BY LAWS of COMMON GROUND, INC.

ARTICLE I    GENERAL

Section 1    Name

The name of the corporation is Common Ground, Inc.

Section 2    Purposes

The purposes of the corporation are:

  • To help persons establish themselves on land where they, in cooperation with others, will use the land in such a way as to conserve, protect, and in so far as they are able, to improve the environment and its resources for themselves and future generations;
  • To accept persons into membership who agree to support the principle of retaining for community any unearned increment in the market value of land;
  • To educate and inform ourselves and others, through such means as practical demonstrations, study groups, workshops, and publications, to the ecological use of the environment, land trust theory, construction, homesteading, and any skills or knowledge members may possess or have access to;
  • To cultivate an intellectual and aesthetic community, encouraging cultural experience in all the arts and religions;
  • To foster a non violent, cross cultural, non sectarian approach to the world’s problems and to their solution through cooperation; and
  • To cooperate and coordinate with the near and broader community, the above activities.

Section 3    Office

The principal office of the corporation shall be in Rockbridge County, near Lexington, Virginia.

ARTICLE II    DECISION MAKING

Section 1    Consensus

  1. The consensus method will be used to arrive at decisions. Consensus is a process of reference to and caring for one another, with full respect for individual differences with an end toward the achievement of a unity in decision making which reflects the relationships of individuals to one another and to the issue at hand.
  2. Every reasonable effort shall be made to hear and accommodate every point of view, but when it becomes clear to all members present that an accomodation cannot be made and a decision must be made there will be a subsequent meeting in which, if consensus again cannot be reached, then a third meeting will be required that will bring the matter to a vote where two thirds vote of the entire membership at a membership meeting shall prevail except where otherwise stated in the by-laws. The above shows our intention that voting is to be used only as a last resort.
  3. These provisions shall be in effect for all decisions of the corporation except as otherwise provided in these By Laws.

ARTICLE III    MEMBERS

Section 1    Resident members.

Any person(s) may be voted into membership by consensus of the entire membership, or, upon failing that then by a three quarters vote of the entire membership at any regular or special membership meeting.

Membership shall be required for any person(s) to acquire from the corporation (by lease or other conveyance of limited duration) a residential interest in land in which the corporation has retained an interest or interests.
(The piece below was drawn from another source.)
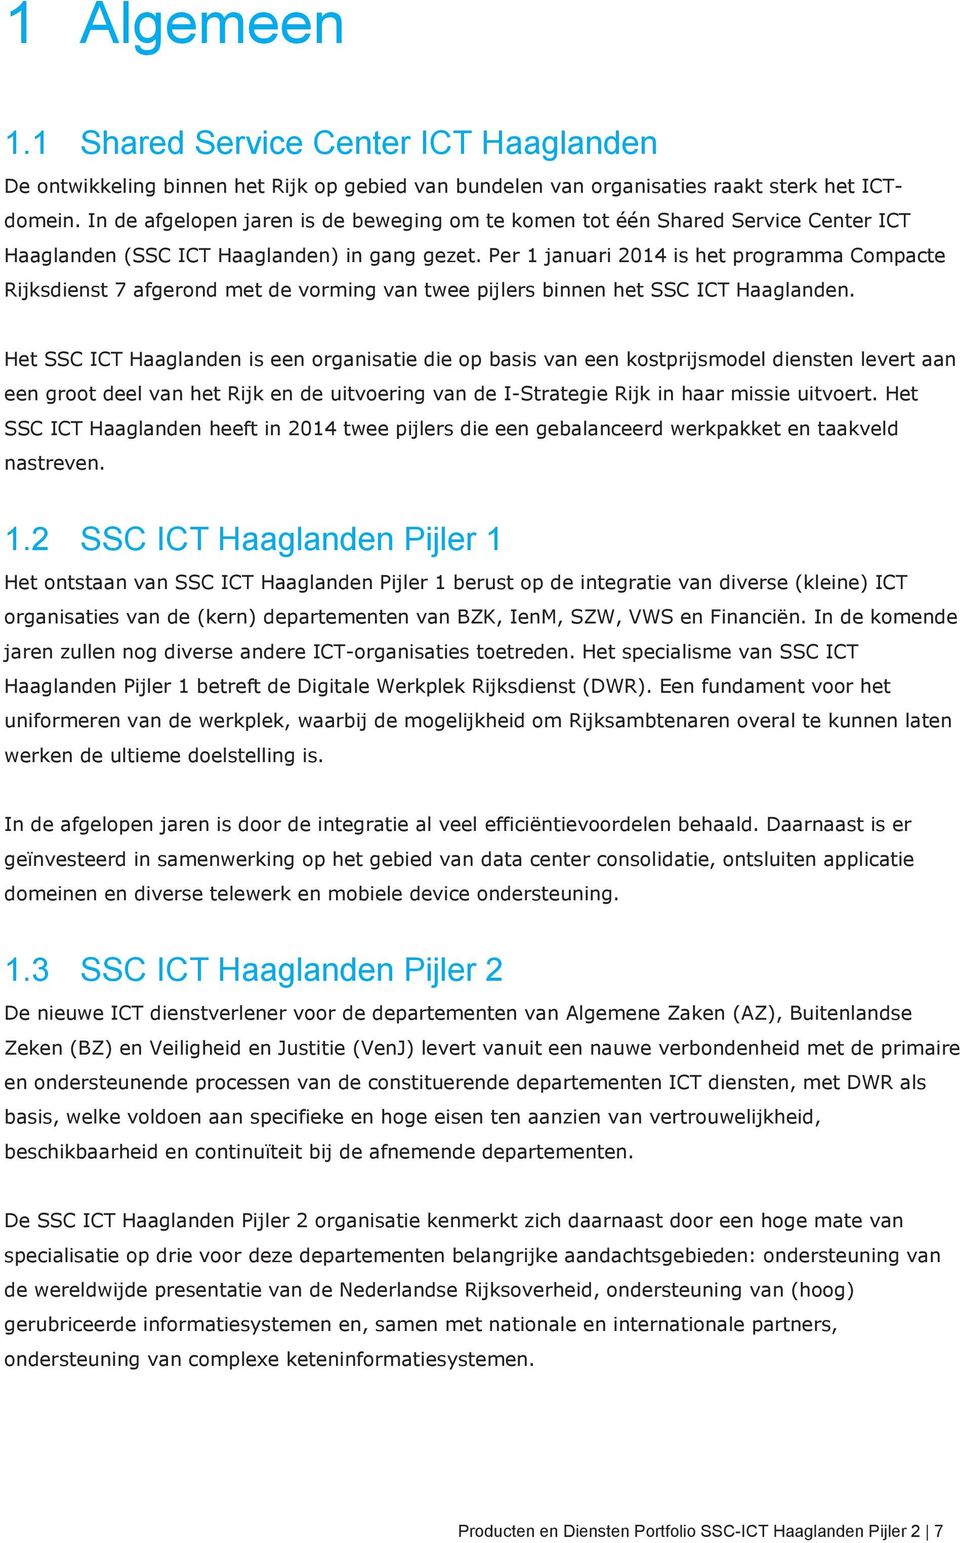 Per 1 januari 2014 is het programma Compacte Rijksdienst 7 afgerond met de vorming van twee pijlers binnen het SSC ICT Haaglanden.

Section 2    Voting rights.

Any resident member who shall have signed a Membership Statement and shall have attained the age of 18 shall be entitled to one vote.

Section 3    Meetings

  1. Annual meeting.
    1. Time and place. The annual meeting of the membership shall be held during the month of January and at such place and time as the Board of Directors may select and notice thereof shall be afforded each of the voting members of the corporation not less than ten days prior thereto. In default of such selection, the annual meeting of the membership shall be held on the third Saturday following New Year’s Day of each year at the office of the corporation.
    2. Business. At the annual meeting of the membership:
      1. The President shall report on the affairs of the corporation;
      2. The Treasurer shall report on the financial condition of the corporation;
      3. The members shall conduct such business as may properly come before them; and
      4. At the first annual meeting of the membership following incorporation, the members shall elect by majority vote two persons to serve as members of the Board of Directors (hereinafter called Stewards) for a term of one year, two persons to serve as Stewards for a term of two years, and two persons to serve as Stewards for a term of three years and, at each subsequent annual meeting of the membership, the members shall elect by majority vote two persons to serve as Stewards of the Board of Directors for a term of three years. When voting is necessary it shall be by secret ballot.
  2. Regular meetings. Regular meeting of the membership may be held at such times and places as the membership may establish at the annual meeting or at any regular meeting.
  3. Special meetings. At the direction of three Stewards of the Board of Directors or one third of the members of the corporation, the President and Clerk shall call a special meeting of the membership and notice thereof shall be afforded each of the members of the corporation not less than ten days thereto. At a special meeting of the membership, only those matters for which the meeting was called, as stated in the notice of the meeting, may be acted upon by the membership.

Section 4    Function.

The membership meetings shall:

  1. Adopt the agenda of its meetings;
  2. Establish corporation policies and objectives within the purposes of the corporation;
  3. Elect the Stewards of the Board of Directors;
  4. Adopt the annual budget at the Annual Meeting;
  5. Establish community fees at the Annual Meeting;
  6. Enact all such measures, which are not in conflict with the Articles of Incorporation or these By Laws, as may be necessary to achieve the purposes of the corporation;
  7. Unanimously approve the use of any interest or interests the corporation has in improvements or personal property as collateral for indebtedness; and
  8. Approve any right to use the land by consensus or, upon failing that, then by a three fourths vote of the entire membership.

Section 5    Quorum.

A majority of the members entitled to vote shall constitute a quorum for any meeting.

Section 6    Review.

Votes of or actions by the Board of Directors are subject to the review of the membership at any membership meeting by voting members. A three fourths vote of the entire membership shall be required to nullify any votes or actions of the Board of Directors.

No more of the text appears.